Novel Antigen Identification for an Enterotoxigenic E. coli Vaccine

产肠毒素大肠杆菌疫苗的新抗原鉴定

• 批准号: 9116756
• 负责人: James Michael Fleckenstein
• 金额: $ 44.29万
• 依托单位: WASHINGTON UNIVERSITY
• 依托单位国家: 美国
• 财政年份: 2010
• 资助国家: 美国
• 起止时间: 2010-07-01 至 2020-01-31
• 项目状态: 已结题
• 来源: https://reporter.nih.gov/project-details/9116756
• 关键词: Address; Age; Animal Model; Antibody Response; Antigen Targeting; Antigens; Area; Bacterial Adhesins; Benchmarking; Biological Markers; Birth; Cessation of life; Child; Childhood; Clinical Trials; Communicable Diseases; Complex; DNA Sequence; Data; Developed Countries; Developing Countries; Development; Diarrhea; Disease Outbreaks; Escherichia coli; Escherichia coli Infections; Escherichia coli Vaccines; Fostering; Funding; Genetic; Genome; Genomics; Goals; Health; Human; Immune response; Immunity; Immunoassay; Immunologics; Infection; Infection prevention; Kinetics; Knowledge; Laboratories; Lead; Methods; Molecular; Mucins; Nature; Organism; Pathogenesis; Phase; Population Heterogeneity; Protein Microchips; Proteins; Proteome; Recombinants; Research Personnel; Sampling; Sanitation; Serine Protease; Small Intestines; Surface; Testing; Toxin; Translating; Traveler' s diarrhea; United States; Vaccine Antigen; Vaccine Design; Vaccines; Water; Work; base; cohort; design; enterotoxigenic Escherichia coli; extracellular; genome sequencing; global health; immunogenic; improved; microbial; mortality; next generation; novel; pan-genome; pathogen; pre-clinical; response; transcriptome; vaccine candidate; vaccine development; vaccinology

 DESCRIPTION (provided by applicant): This work focuses on enterotoxigenic Escherichia coli (ETEC), globally the most common bacterial cause of serious diarrheal illness. These illnesses threaten the lives of many children in poor regions of the world where sanitation and clean water are limited.
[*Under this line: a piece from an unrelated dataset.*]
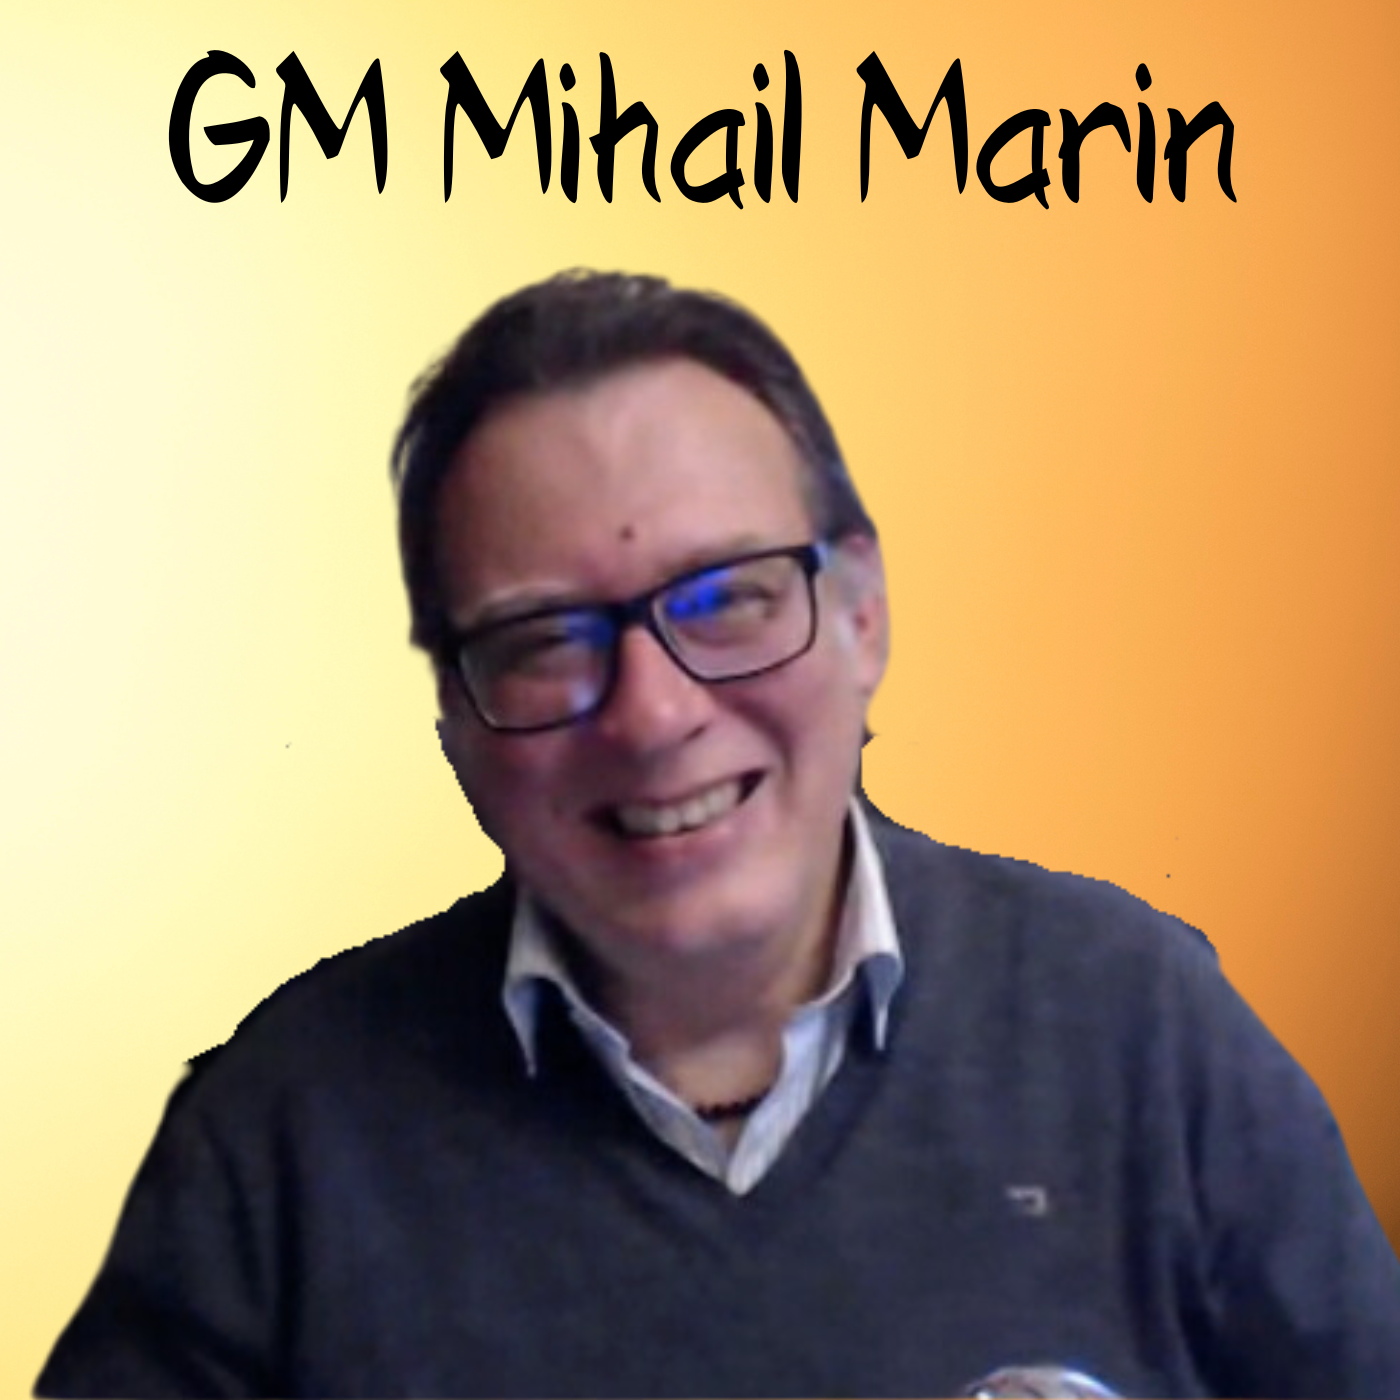 GM Mihail Marin über seine Vorliebe für die alten Meister
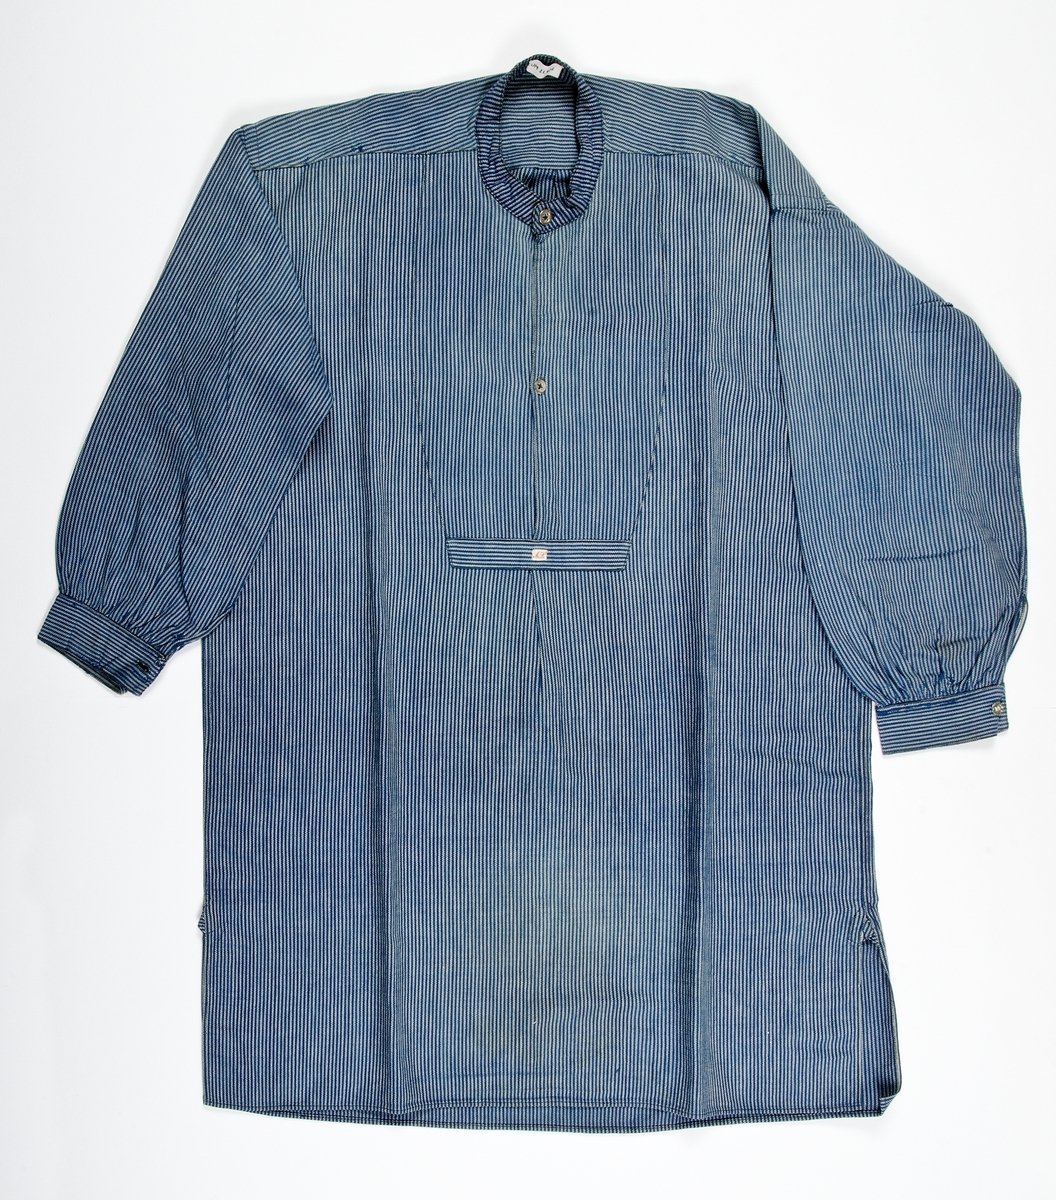 Skjorta av blåvit-randig bomullskypert. Rak med axelok och med sprund fram och dubbelt tyg i bröstpartiet avslutat med tvärslå, två metallknappar och ståkrage. Lång ärm med ärmspjäll och manschett med knapp.

While it has long been known that prior infections with these organisms offer protection against later infection, the nature of the protection is not known. The long-term goal o these studies is to address very basic questions that have eluded ETEC investigators trying to develop vaccines for these organisms: 1."To what proteins do infected people mount antibody responses after infection?" 2. "Which of these responses appear to be associated with protection against ETEC?" 3. "Can we show that these proteins trigger protective immune responses in a vaccine?" Studies to date have shown us that the immune response following ETEC infection is actually quite complicated, with recognition of many proteins. Some novel proteins that are not part of vaccines currently being tested could be added to improve the coverage and function of these vaccines. The basic goals of this proposal are to accelerate the discovery of novel protective proteins and to translate their use into effective ETEC vaccine components. Addressing these fundamental questions will fill important gaps in our understanding of protective immune responses that develop following ETEC infections, and permit a more rational approach to development of a broadly protective vaccine for these pathogens of global importance.

 描述（由申请人提供）：这项工作的重点是产肠毒素大肠杆菌（ETEC），这是全球最常见的严重腹泻疾病的细菌原因。这些疾病威胁着世界上卫生设施和清洁水有限的贫困地区许多儿童的生命。虽然人们早就知道，以前感染这些生物体可以防止后来的感染，但这种保护的性质尚不清楚。这些研究的长期目标是解决ETEC研究人员试图为这些生物体开发疫苗时遇到的非常基本的问题：1。“感染者在感染后对哪些蛋白质产生抗体反应？“2.“这些反应中哪些似乎与ETEC的保护有关？“3.“我们能证明这些蛋白质在疫苗中引发保护性免疫反应吗？“迄今为止的研究表明，ETEC感染后的免疫反应实际上非常复杂，可以识别许多蛋白质。可以添加一些目前正在测试的疫苗中没有的新蛋白质，以提高这些疫苗的覆盖率和功能。该提案的基本目标是加速发现新的保护性蛋白，并将其转化为有效的ETEC疫苗组分。解决这些基本问题将填补我们对ETEC感染后产生的保护性免疫反应的理解中的重要空白，并允许更合理的方法来开发针对这些全球重要病原体的广泛保护性疫苗。